▶ **Dataset excerpts**
_ _ _ _ _ _ _

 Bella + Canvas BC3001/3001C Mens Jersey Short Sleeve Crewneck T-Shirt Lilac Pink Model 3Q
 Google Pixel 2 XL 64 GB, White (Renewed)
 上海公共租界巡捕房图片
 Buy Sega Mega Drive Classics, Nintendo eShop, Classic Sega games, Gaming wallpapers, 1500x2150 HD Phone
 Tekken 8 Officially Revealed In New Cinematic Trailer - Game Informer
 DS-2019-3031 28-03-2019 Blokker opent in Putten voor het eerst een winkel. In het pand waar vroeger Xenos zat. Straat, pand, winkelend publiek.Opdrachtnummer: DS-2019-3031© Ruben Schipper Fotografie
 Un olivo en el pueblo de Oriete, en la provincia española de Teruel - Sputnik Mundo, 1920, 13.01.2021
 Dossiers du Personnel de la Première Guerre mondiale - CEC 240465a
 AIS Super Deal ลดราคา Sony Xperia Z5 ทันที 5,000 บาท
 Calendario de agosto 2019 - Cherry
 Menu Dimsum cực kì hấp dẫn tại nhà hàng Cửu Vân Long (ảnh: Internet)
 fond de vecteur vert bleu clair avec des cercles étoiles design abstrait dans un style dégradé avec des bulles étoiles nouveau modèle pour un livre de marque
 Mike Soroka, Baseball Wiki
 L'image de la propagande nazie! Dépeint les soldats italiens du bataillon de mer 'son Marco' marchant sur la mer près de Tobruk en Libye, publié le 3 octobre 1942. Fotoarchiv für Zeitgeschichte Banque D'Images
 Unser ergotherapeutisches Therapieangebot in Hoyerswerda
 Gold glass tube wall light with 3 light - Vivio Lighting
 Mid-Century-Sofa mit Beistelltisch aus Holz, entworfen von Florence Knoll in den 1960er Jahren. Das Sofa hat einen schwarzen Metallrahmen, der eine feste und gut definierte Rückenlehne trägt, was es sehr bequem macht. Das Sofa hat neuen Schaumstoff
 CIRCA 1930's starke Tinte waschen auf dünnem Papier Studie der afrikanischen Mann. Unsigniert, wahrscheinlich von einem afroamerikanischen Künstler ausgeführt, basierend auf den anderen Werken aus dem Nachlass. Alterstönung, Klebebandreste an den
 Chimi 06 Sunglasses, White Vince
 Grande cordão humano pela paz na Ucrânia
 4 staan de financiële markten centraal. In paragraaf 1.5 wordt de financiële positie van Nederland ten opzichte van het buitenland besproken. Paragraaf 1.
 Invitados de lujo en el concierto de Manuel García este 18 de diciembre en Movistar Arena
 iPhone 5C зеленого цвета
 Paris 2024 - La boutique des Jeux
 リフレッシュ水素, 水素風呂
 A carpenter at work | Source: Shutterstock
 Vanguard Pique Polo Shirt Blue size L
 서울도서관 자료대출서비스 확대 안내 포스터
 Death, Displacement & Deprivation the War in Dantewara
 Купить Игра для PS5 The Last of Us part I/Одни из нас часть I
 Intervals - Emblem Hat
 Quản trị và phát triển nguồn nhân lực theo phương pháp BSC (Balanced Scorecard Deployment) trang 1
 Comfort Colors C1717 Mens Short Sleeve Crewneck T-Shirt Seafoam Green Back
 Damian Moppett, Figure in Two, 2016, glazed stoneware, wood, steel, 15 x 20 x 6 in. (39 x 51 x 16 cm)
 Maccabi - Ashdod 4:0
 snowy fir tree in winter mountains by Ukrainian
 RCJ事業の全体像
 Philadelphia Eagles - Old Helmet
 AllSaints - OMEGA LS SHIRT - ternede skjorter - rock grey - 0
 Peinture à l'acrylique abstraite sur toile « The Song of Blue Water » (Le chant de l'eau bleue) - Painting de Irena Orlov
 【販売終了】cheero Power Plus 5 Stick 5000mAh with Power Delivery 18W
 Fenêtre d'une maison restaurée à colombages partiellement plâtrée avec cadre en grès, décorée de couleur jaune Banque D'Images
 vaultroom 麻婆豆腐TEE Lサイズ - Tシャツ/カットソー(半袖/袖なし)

_ _ _ _ _ _ _

The lines needed run from the first line of the data through the line containing "Mid-Century-Sofa mit Beistelltisch"; give them again exactly and nothing else.

▶ **RESULT FOR THIS TASK**
 Bella + Canvas BC3001/3001C Mens Jersey Short Sleeve Crewneck T-Shirt Lilac Pink Model 3Q
 Google Pixel 2 XL 64 GB, White (Renewed)
 上海公共租界巡捕房图片
 Buy Sega Mega Drive Classics, Nintendo eShop, Classic Sega games, Gaming wallpapers, 1500x2150 HD Phone
 Tekken 8 Officially Revealed In New Cinematic Trailer - Game Informer
 DS-2019-3031 28-03-2019 Blokker opent in Putten voor het eerst een winkel. In het pand waar vroeger Xenos zat. Straat, pand, winkelend publiek.Opdrachtnummer: DS-2019-3031© Ruben Schipper Fotografie
 Un olivo en el pueblo de Oriete, en la provincia española de Teruel - Sputnik Mundo, 1920, 13.01.2021
 Dossiers du Personnel de la Première Guerre mondiale - CEC 240465a
 AIS Super Deal ลดราคา Sony Xperia Z5 ทันที 5,000 บาท
 Calendario de agosto 2019 - Cherry
 Menu Dimsum cực kì hấp dẫn tại nhà hàng Cửu Vân Long (ảnh: Internet)
 fond de vecteur vert bleu clair avec des cercles étoiles design abstrait dans un style dégradé avec des bulles étoiles nouveau modèle pour un livre de marque
 Mike Soroka, Baseball Wiki
 L'image de la propagande nazie! Dépeint les soldats italiens du bataillon de mer 'son Marco' marchant sur la mer près de Tobruk en Libye, publié le 3 octobre 1942. Fotoarchiv für Zeitgeschichte Banque D'Images
 Unser ergotherapeutisches Therapieangebot in Hoyerswerda
 Gold glass tube wall light with 3 light - Vivio Lighting
 Mid-Century-Sofa mit Beistelltisch aus Holz, entworfen von Florence Knoll in den 1960er Jahren. Das Sofa hat einen schwarzen Metallrahmen, der eine feste und gut definierte Rückenlehne trägt, was es sehr bequem macht. Das Sofa hat neuen Schaumstoff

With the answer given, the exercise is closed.